It is indeed very hard to change the current definition of scan as it would completely break existing code. Changing the naming convention could be the way to get around the problem (and indeed depreciating scan()
). Additionally, if we want to keep some form of consistency, it would also be needed to change the name of fold()
(and depreciate the current one). Here's a proposal :
fold_seed() // currently: fold()
fold_first() // currently: fold_first(), no change here
scan_seed() // no method in rust
scan_first() // no method in rust
filter_scan_seed() // no method in rust
filter_scan_first() // no method in rust
scan_seed_while() // currently: scan()
scan_first_while() // no method in rust
Obviously, not all of them are not needed. Some of them can be easily expressed using other ones (see the Wikipedia article above for details). Some of them have very few practical use and might not need to be implemented in Rust.

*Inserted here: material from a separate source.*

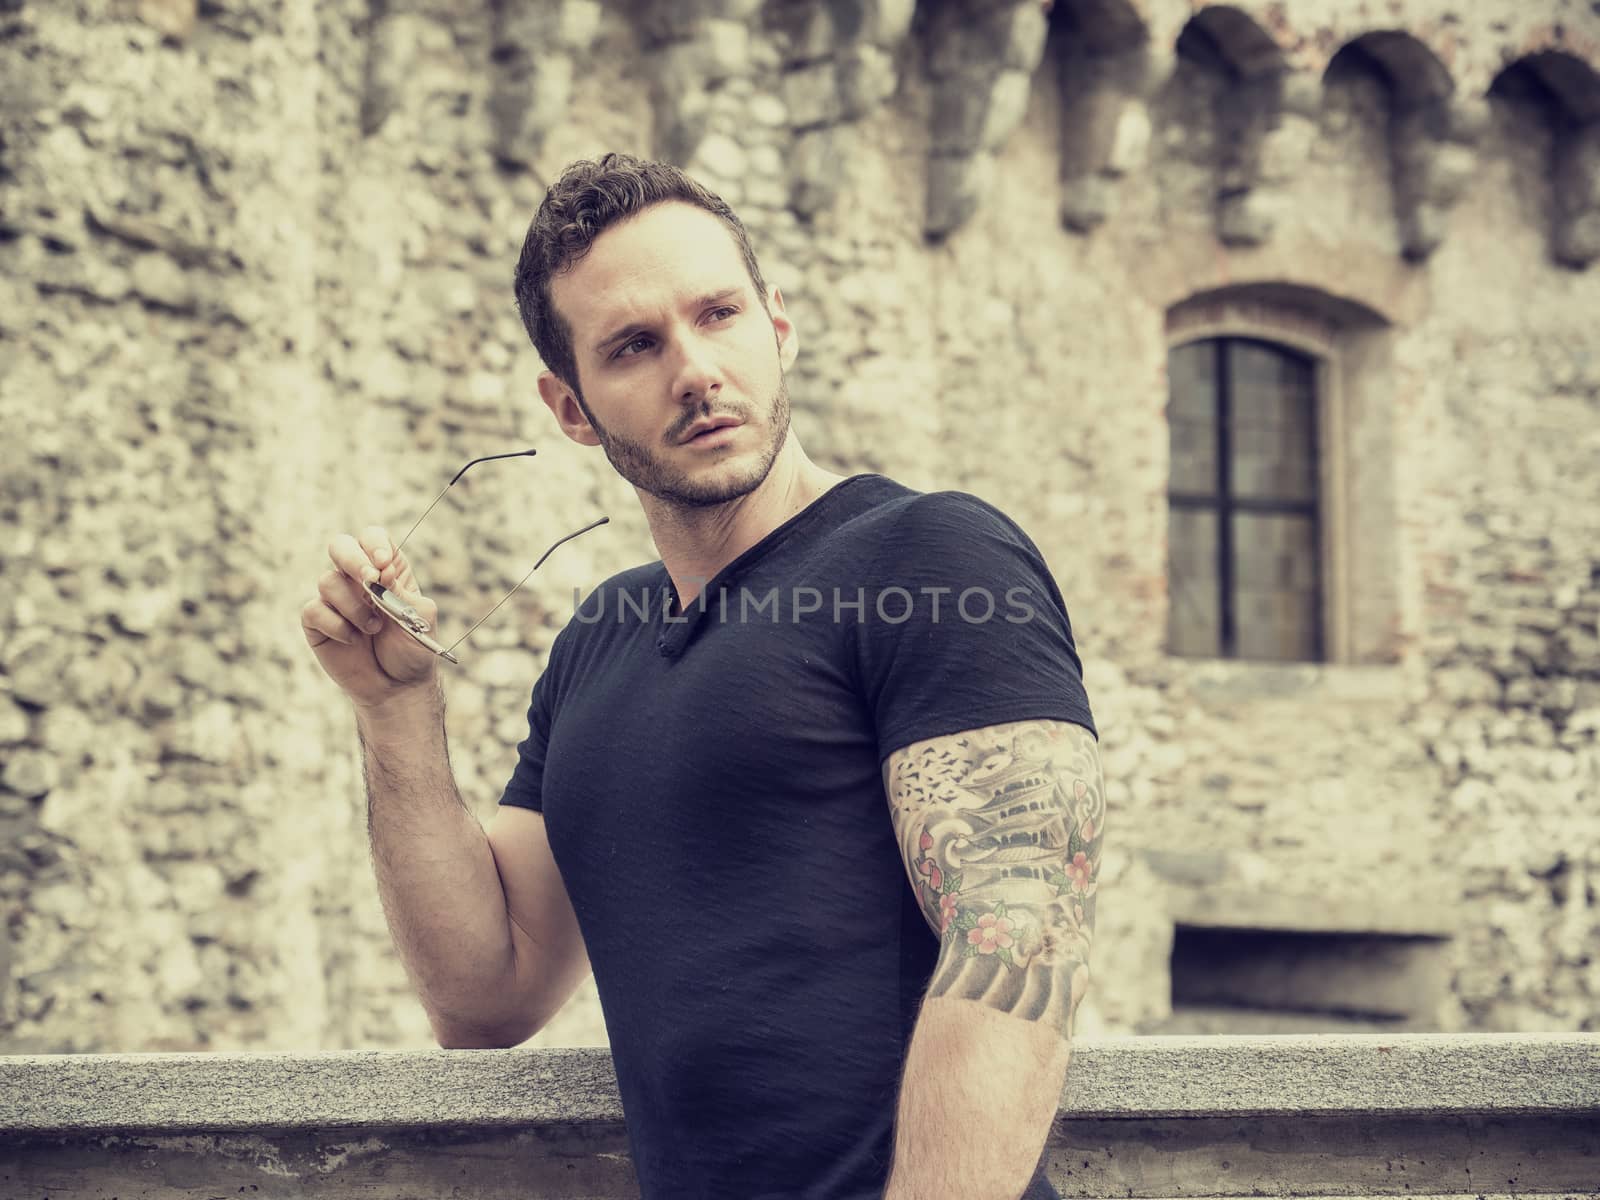 Attractive man outdoor in old European castle, in Switzerland. Athletic build, with tight t-shirt and sunglasses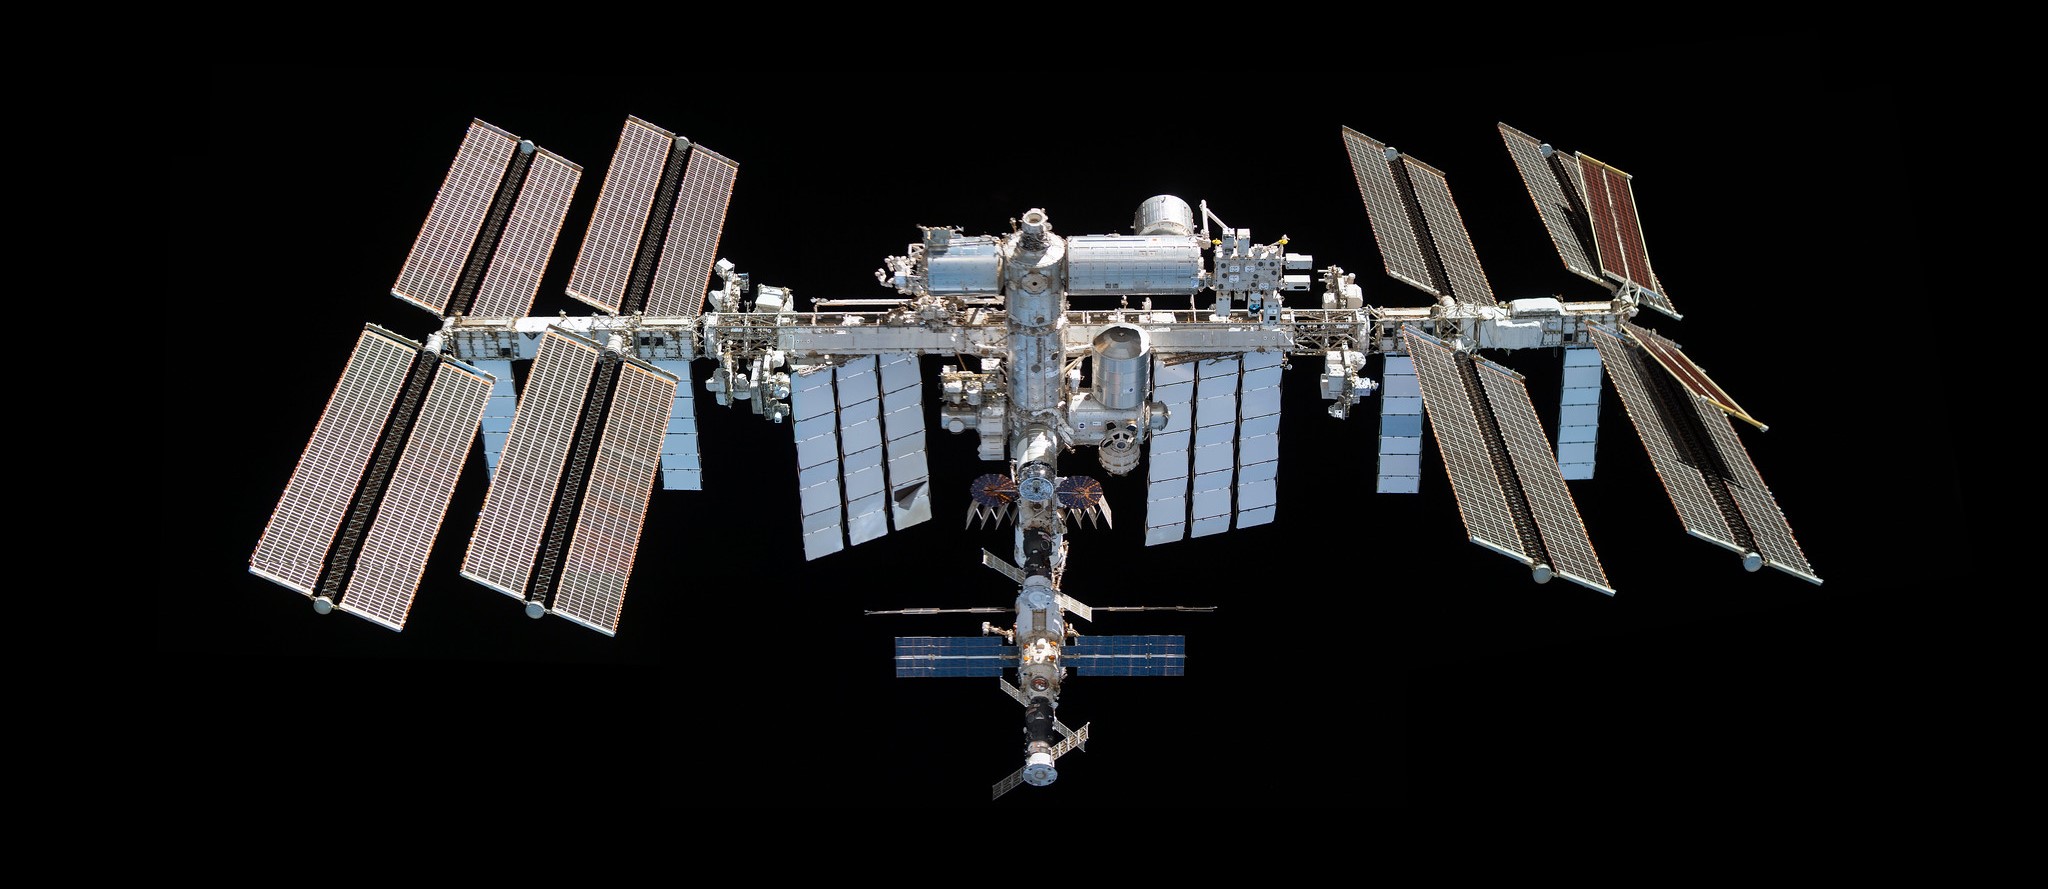 Russia Says They Plan to Leave International Space Station after 2024

Though, I strongly agree with the original concern of the issue : having as the only available implementation of scan the one we currently have is quite terrible : more often than not, the "end scanning when F returns None
" behavior is unrevelant for the current use case and sometimes it's even getting in the way of what's being done, resulting in quite unreadable code like the one described by @mydogisbox or even worst if you're trying to achieve a filter_scan()
.
PS : I'm not sure how "seeded" and "first-seeded" relate to "inclusive" and "exclusive" scanning/folding. It seems to me that they're different concepts, and the Wikipedia page seems to disagree with me but in a very unclear way, so I chose not to confuse the two. They might be the same thing, IDK
@Mayt38 great points!
I was trying to implement a function which accepts an iterator and reduces adjacent repeating elements into only one element. Say we have [1, 1, 2, 3, 4, 4, 5]
, and I want the output to be [1, 2, 3, 4, 5]
. I found that I had to resort to the nested Option
solution. I really think that it is a great point that we should have scan not fusing the iterator. The current implementation violates the Single Responsibility Rule and really leads to confusion in that it behaves different from the common scan
's as in other languages.
Besides the fact that the current scan
should actually be called scan_filter
, I don't like that the closure takes a mutable reference. Aren't iterators all about avoiding mutability?
The proposed scan
(without _while
) would be equivalent to
let mut state = init;
iter.map(move |x| f(state, x));
This is at least as simple and pretty as scan
(map
and its closure both take one argument while scan
and its closure require two arguments which might get ugly), and more importantly, it doesn't hide the fact that there is some kind of mutability. Maybe that's a reason why a "simple" scan never made it to the standard library. However, after introducing map_while
, the current scan
could also be replaced in this way. In my opinion, scan
becomes quite useless.
Let's consider Haskell's scanl
. It is very similar to folding but it preserves all intermediate accumulator states and creates a new list of it. Implementing this in Rust gets more complicated.
First try:
let mut state = init;
iter.map(move |x| {
state = f(state, x);
state
}))
...but this does only work for copy types and it differs from Haskell's scanl
: The first item of scanl
's resulting list is always the init
element (so that it has one more item than the original list).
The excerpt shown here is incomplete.